Они должны были въехать на гору с включенным маячком и воющей сиреной. Из машины выскочили водитель и врач, захватив оборудование, они взбежали на крыльцо к двери. А если дверь была заперта? Дверь здесь всегда держали на замке. Сообразила ли она впопыхах спуститься и отпереть дверь к их приезду? Или они звонили и ждали, пока им откроют? Что она сказала им, когда они пришли: «Он лежит там» – и провела их в гостиную? Сидел ли он все так же в кресле, когда они пришли, или лежал на полу? Пытались ли они его оживить? Массаж сердца, кислород, дыхание изо рта в рот? Или же сразу констатировали смерть, так как сделать уже ничего было невозможно, и они просто положили его на носилки и унесли, обменявшись с ней несколькими словами. Что она поняла из сказанного? Что сказала сама? И когда это произошло: утром, днем или вечером?
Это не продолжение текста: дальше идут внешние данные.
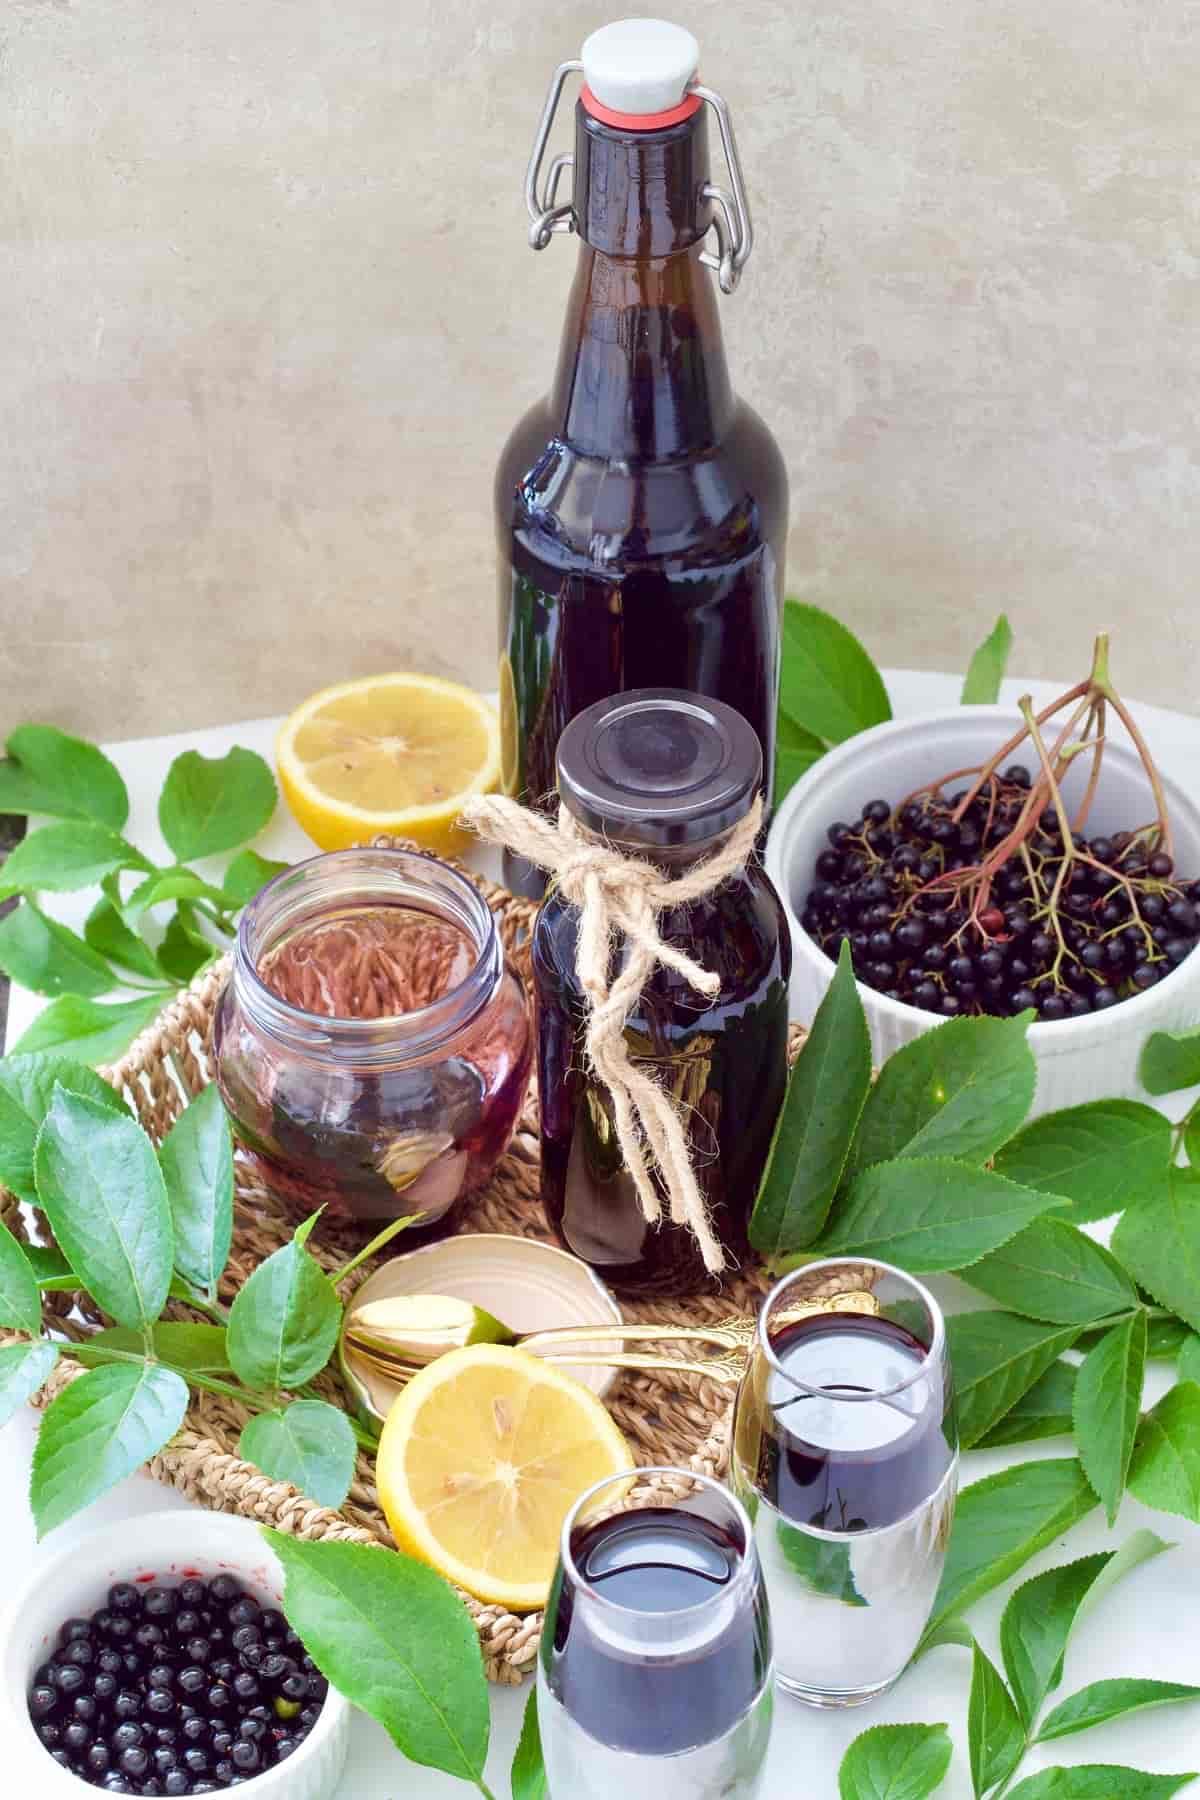 Fresh elderberries, leaves & syrup in bottles, jar & shot glasses.
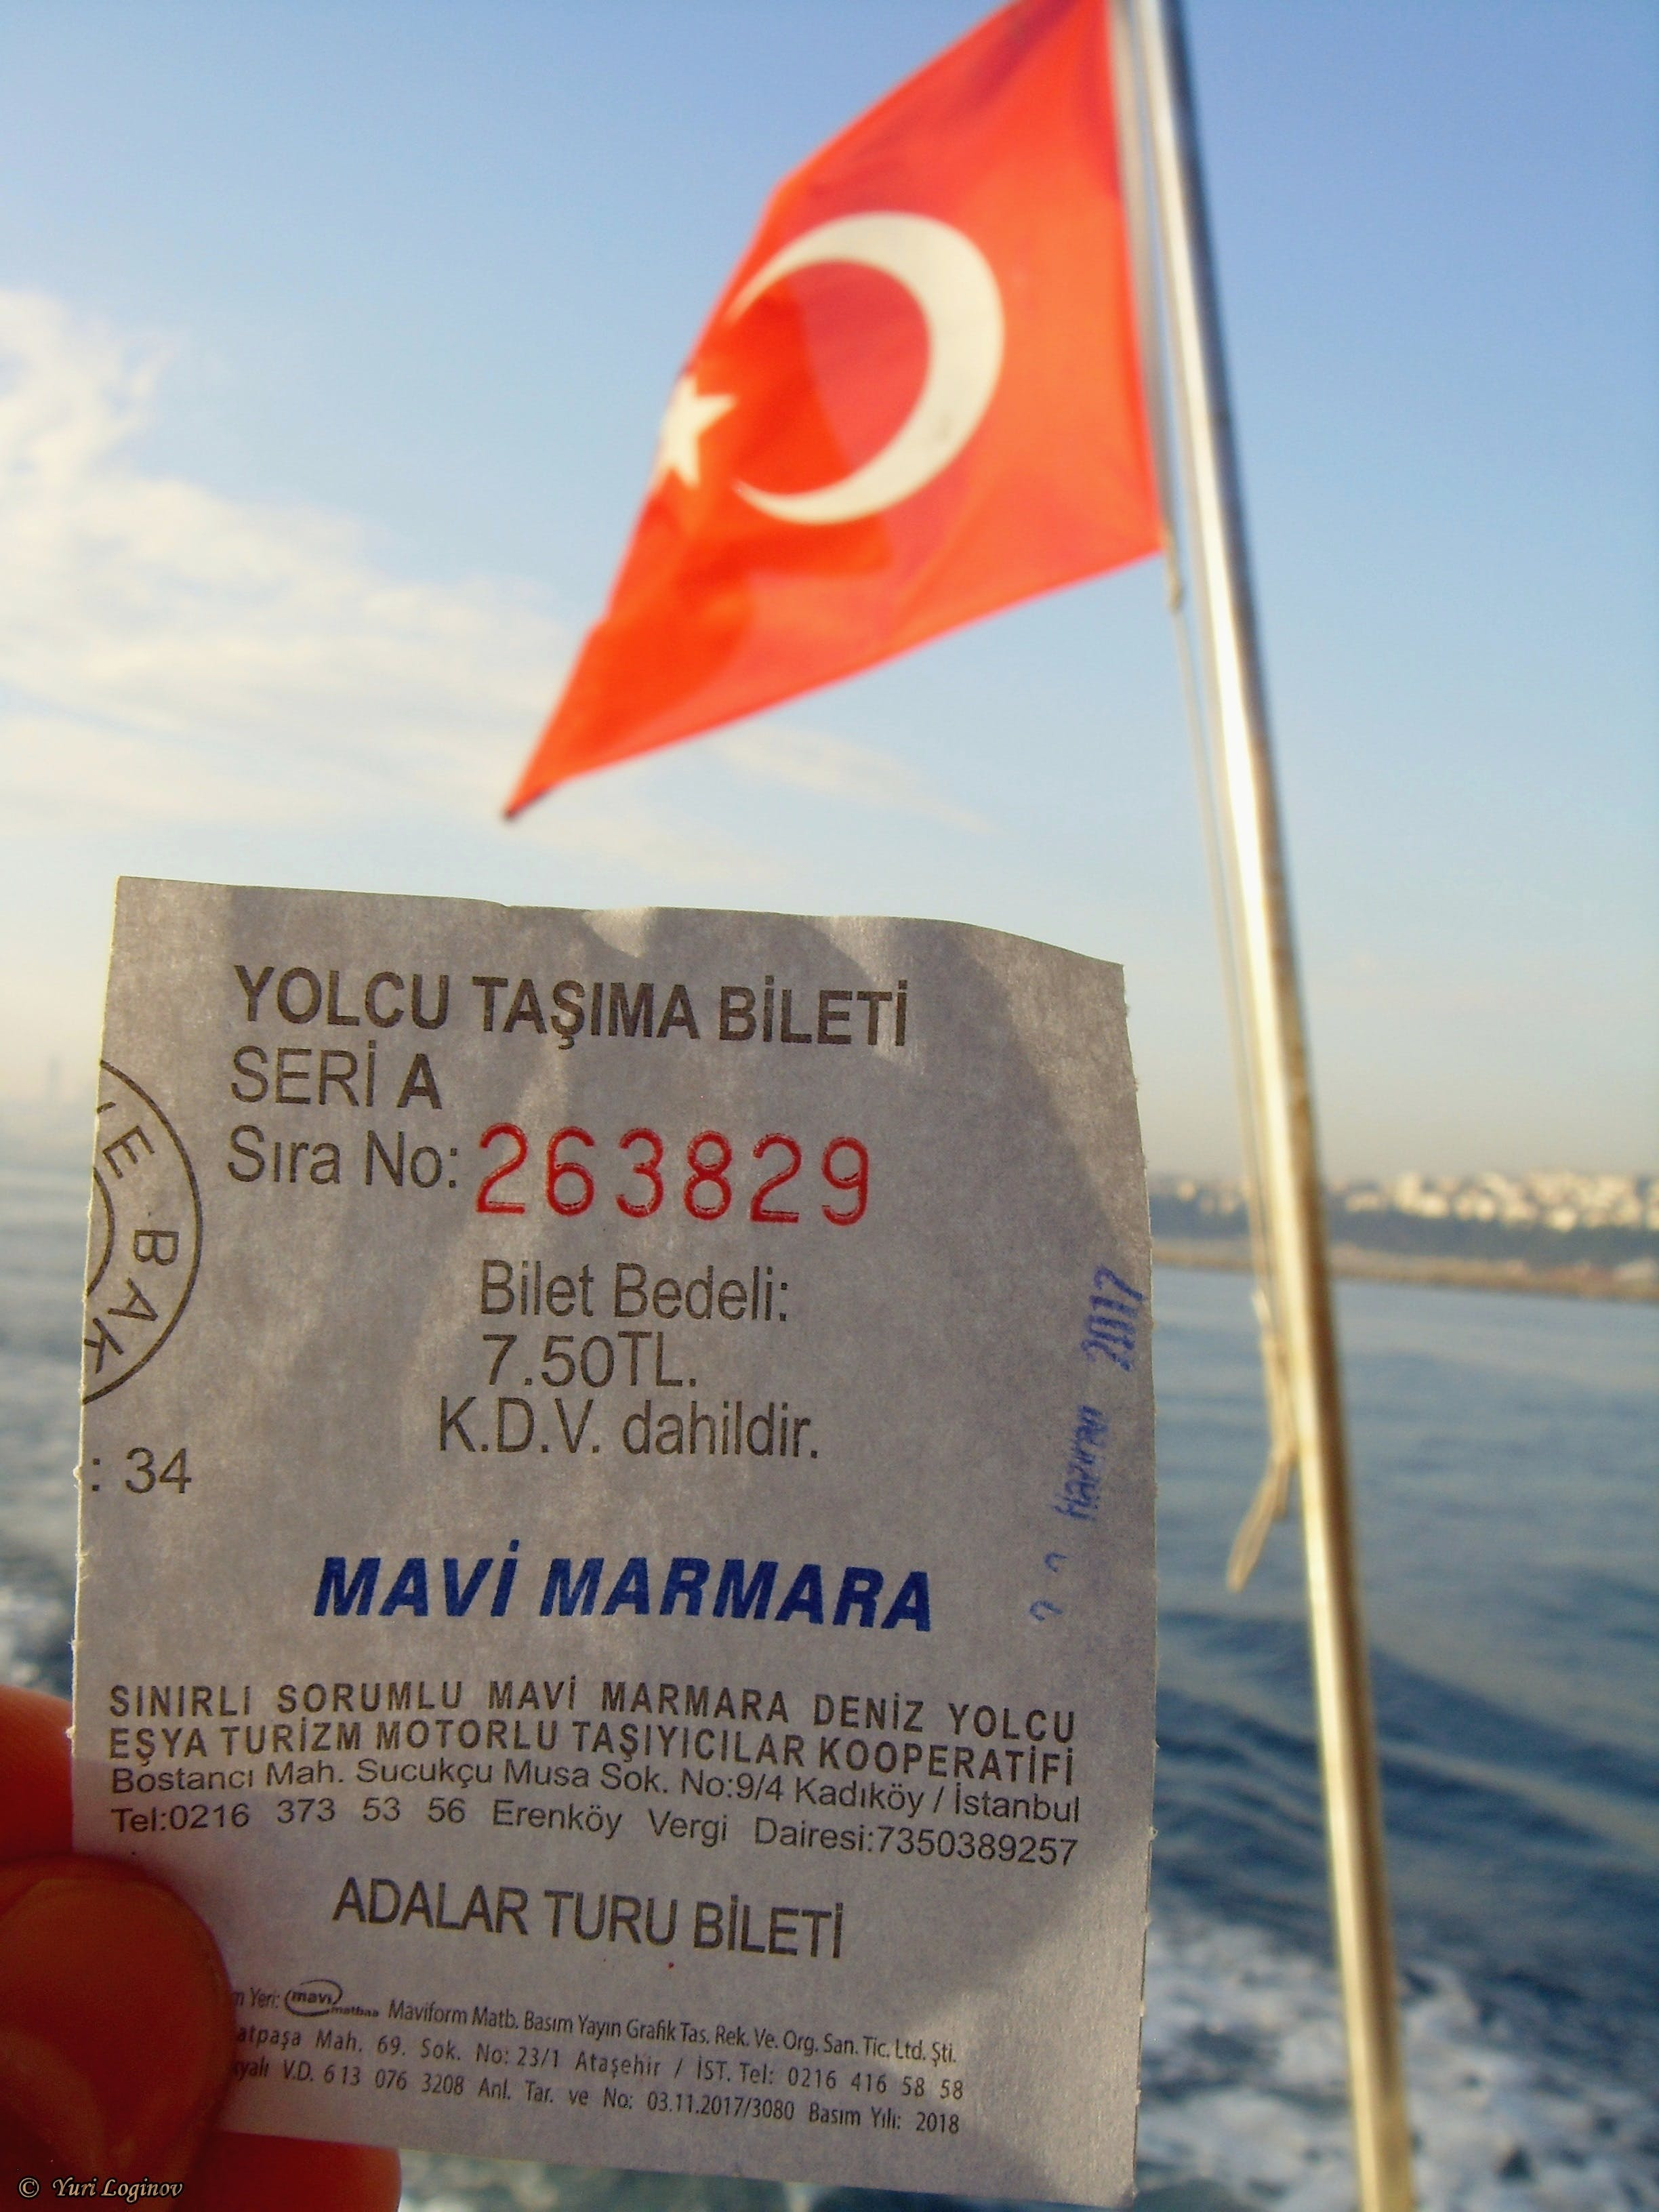 Free stock photo of turkey, Istanbul, TÃœRKÄ°YE, bosphorus

Не можем же мы уехать отсюда, так и не узнав, при каких обстоятельствах он умер, так ведь?

Я вздохнул и спустился вниз. Небо надо мной расчистилось. Если несколько часов тому назад оно все было затянуто сплошной пеленой туч, то сейчас тучи образовали горный ландшафт с протяженными долинами, крутыми обрывами и острыми пиками, местами белыми и пушистыми, как снег, местами серыми, как неприступные скалы, в то время как широкие равнины, озаренные заходящим солнцем, не столько сияли и горели, как это часто бывает, красноватыми отсветами, сколько казались размытыми, погруженными в некую влагу. Матово-красные, темно-розовые, висели они над городом, окруженные всевозможными оттенками серого. Зрелище какой-то нечеловеческой красоты. Казалось бы, все должны были высыпать на улицу, машины должны останавливаться, двери распахиваться, а водители и пассажиры – вылезать и, задрав голову, восхищенно любоваться тем, что делается вверху, гадая, что за явление разыгрывается у них над головой.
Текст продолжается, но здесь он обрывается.